Ces demandes, il convient de le préciser, ne remettent nullement en cause le fond du dossier, ni le choix du candidat. Elles portent essentiellement sur le capital de la société, les garanties financières de réalisation de l'ouvrage, les modes d'élaboration des formules d'indexation et de redevance et enfin, la notion de biens de reprise et de biens de retour.
En ce qui concerne le profil et la garantie financière de la société concessionnaire, il convient également de préciser que la Chambre régionale des comptes et donc, de ce fait, le représentant de l'Etat, n'ont pas émis un avis négatif, mais se sont interrogés sur le montant et la constitution de son capital et ont rappelé la nécessité de fournir un certain nombre de garanties.
En relation avec la société d'exploitation de l'Aquarium du Trocadéro, la Ville a apporté au Préfet, le 30 mars dernier, l'ensemble des précisions demandées. La société a notamment fourni toutes les garanties quant à sa structure financière et ces garanties ont été transmises au représentant de l'Etat.

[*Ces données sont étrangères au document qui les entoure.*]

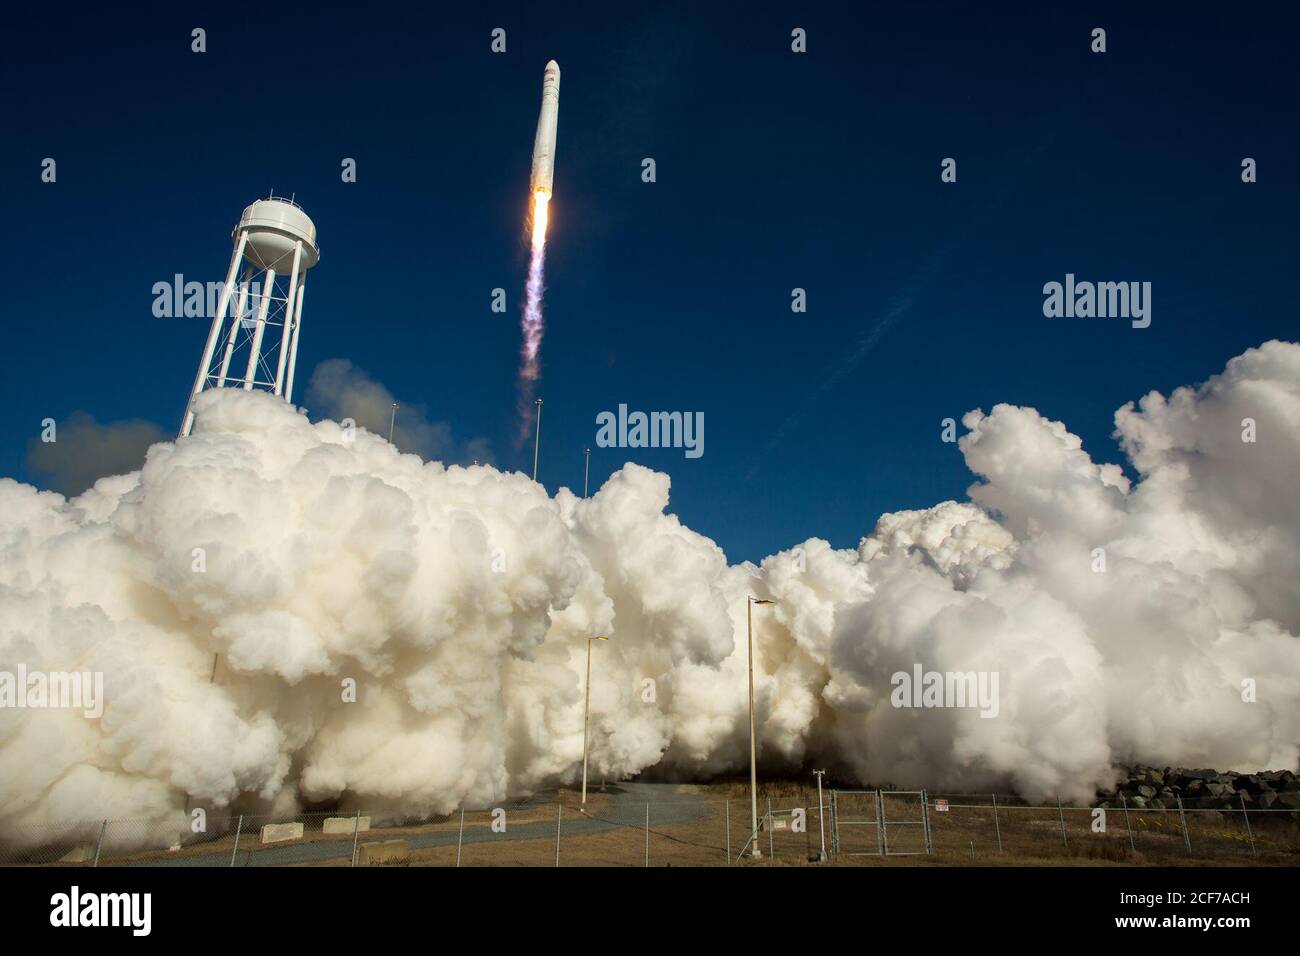 Un cohete Antares de Orbital Sciences Corporation se ve cuando se lanza desde Pad-0A en el Wallops Flight Facility de la NASA, el jueves 9 de enero de 2014, Wallops Island, va. Antares transporta la nave espacial Cygnus en una misión de reabastecimiento de carga a la Estación Espacial Internacional. La misión Orbital-1 es el primer vuelo de entrega de carga contratado por Orbital Sciences a la estación espacial para la NASA. Cygnus está llevando experimentos científicos, provisiones para la tripulación, piezas de repuesto y otros equipos a la estación espacial. Crédito de la foto: (NASA/Bill Ingalls) Foto de stock

Vous comprendrez que sur un dossier de cette importance et de cette complexité, qui est susceptible de prêter, comme cela a pu être récemment encore constaté, à des interprétations erronées, il convient que le Conseil de Paris soit informé de la manière la plus précise. La saisine du représentant de l'Etat à partir de l'avis de la Chambre régionale des comptes ayant donné lieu à une réponse de la Ville élaborée après contact avec les services du contrôle de légalité, il a donc semblé nécessaire de connaître la position officielle au-delà et à la suite des précisions apportées, afin de pouvoir fournir, in fine, au Conseil une information complète et non pas seulement des éléments d'information partiels étalés dans le temps.
Aussi, est-ce après contact avec les services préfectoraux qu'il a été décidé que l'ensemble du dossier serait présenté à l'information du Conseil de Paris, à savoir : les précisions apportées par la Ville au représentant de l'Etat, ses éventuelles observations définitives sur la convention - et ces observations, nous les attendons encore - et les suites qui leur seront données. Ces éléments seront présentés de manière détaillée à la prochaine séance du Conseil de Paris avec l'avis consultatif de la Chambre régionale des comptes. Chacun pourra ainsi constater, sans qu'il demeure une quelconque ambiguïté, la transparence totale qui préside à la mise en oeuvre de ce dossier.
Mes chers collègues, je vous remercie.